What the task requires. The pictures are to be left out when the listing below is reproduced word for word.

Input data.
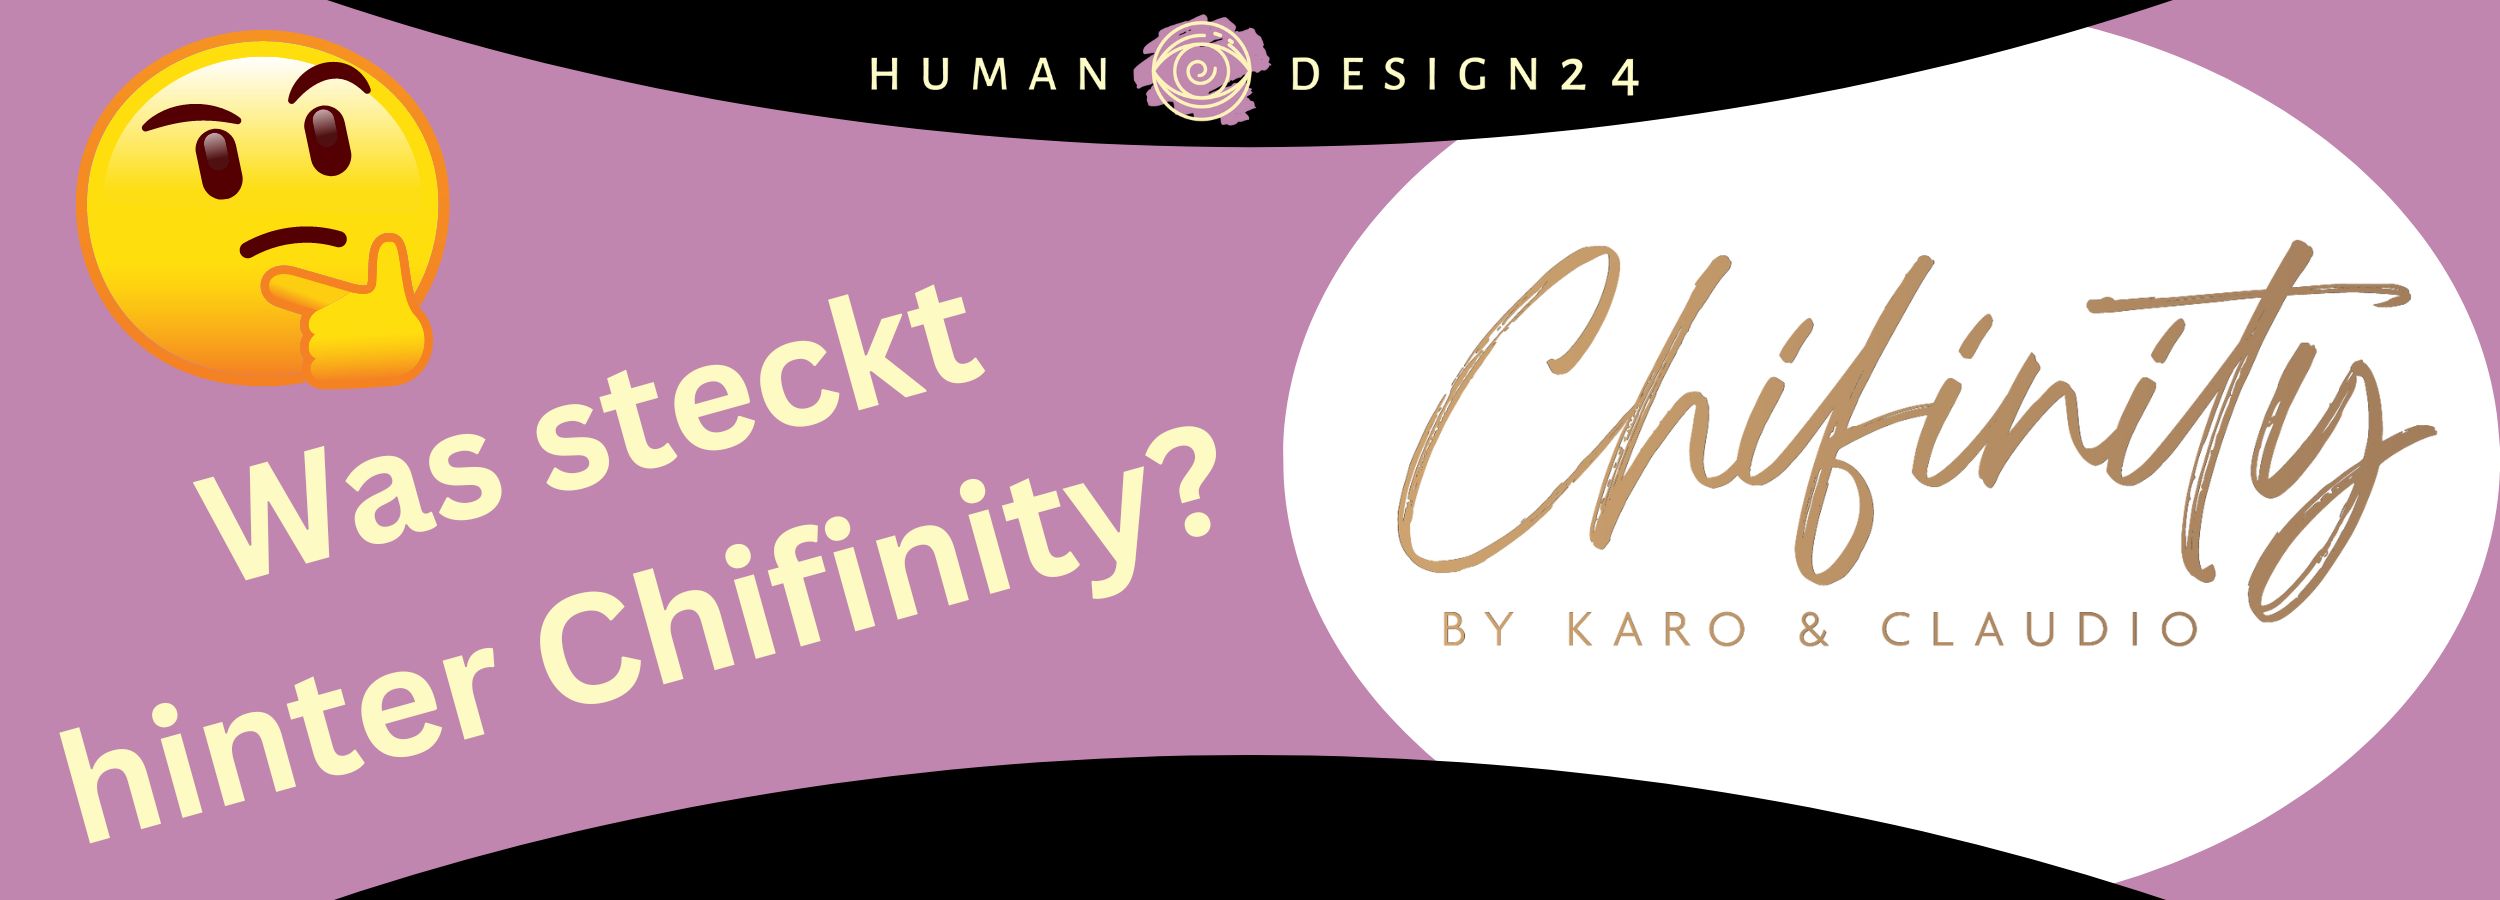 Chifinity - Was genau verbirgt sich hinter der Marke von Karo und Claudio?
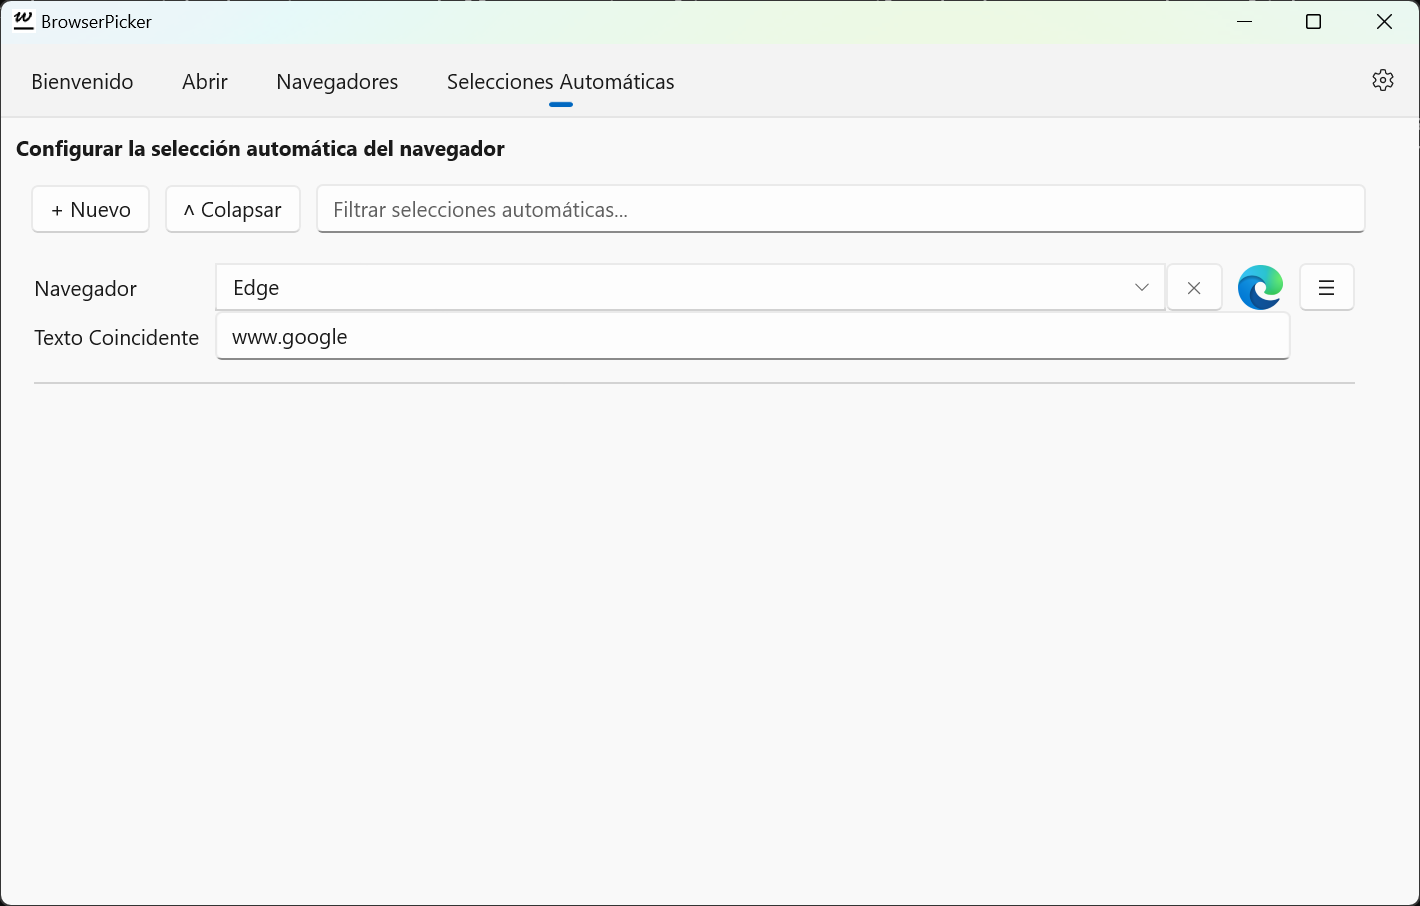 BrowserPicker: página de Selección Automática, donde puede configurar qué navegadores se seleccionan automáticamente en función de la URL.
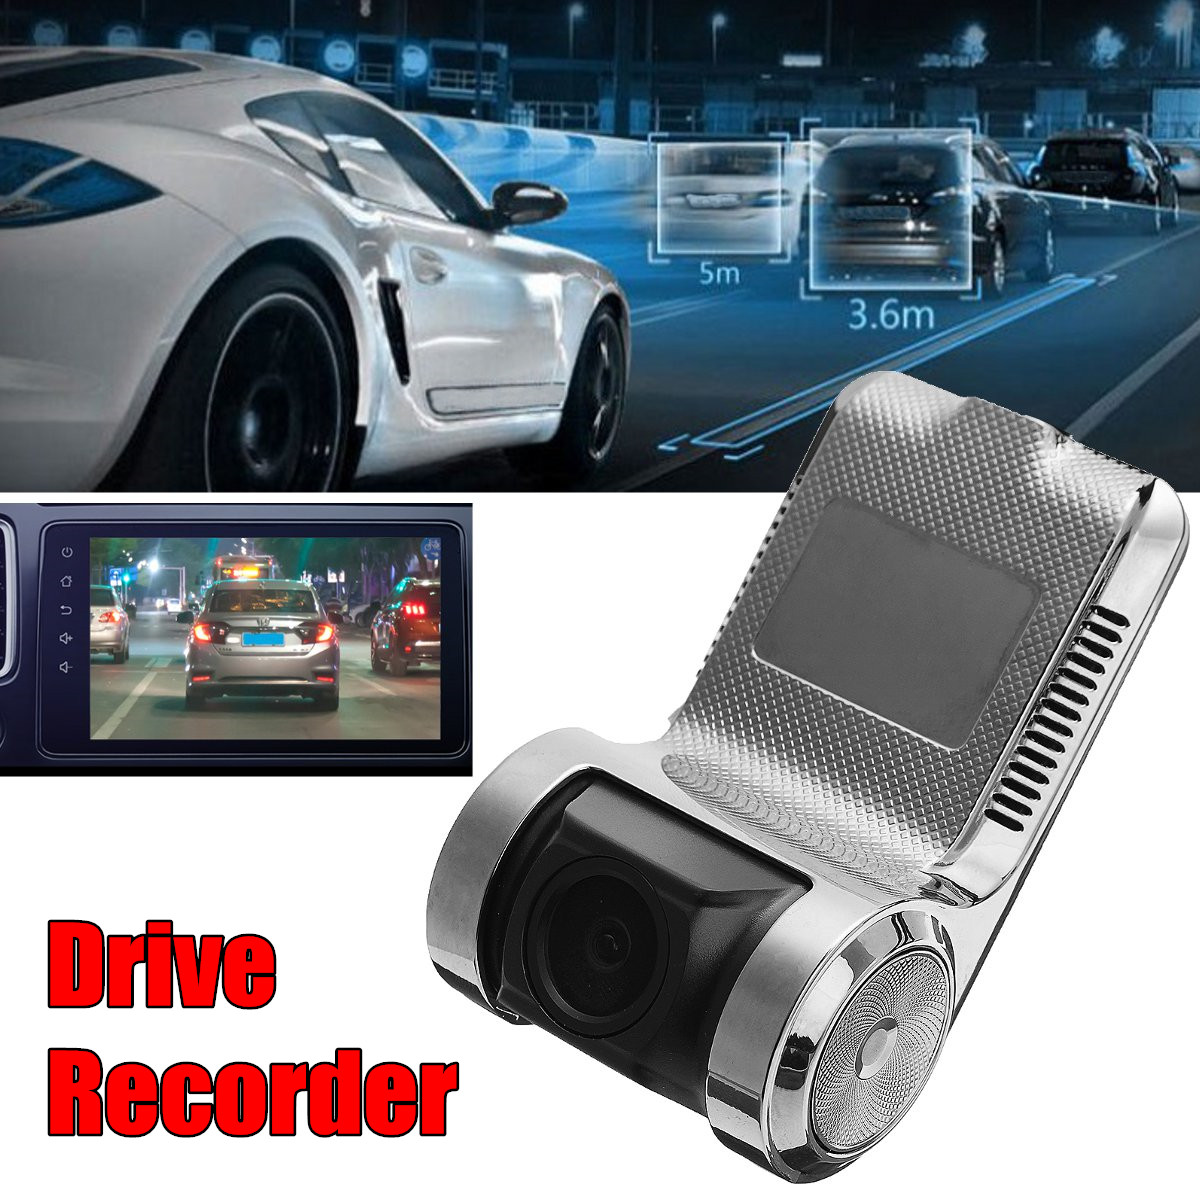 Drive регистратор. Видеорегистратор Drive Recorder. DVR car 360 WIFI. Car_DVR_V1.7. Driving Recorder c102 видеорегистратор.

Response to the exercise.
 Chifinity - Was genau verbirgt sich hinter der Marke von Karo und Claudio?
 BrowserPicker: página de Selección Automática, donde puede configurar qué navegadores se seleccionan automáticamente en función de la URL.
 Drive регистратор. Видеорегистратор Drive Recorder. DVR car 360 WIFI. Car_DVR_V1.7. Driving Recorder c102 видеорегистратор.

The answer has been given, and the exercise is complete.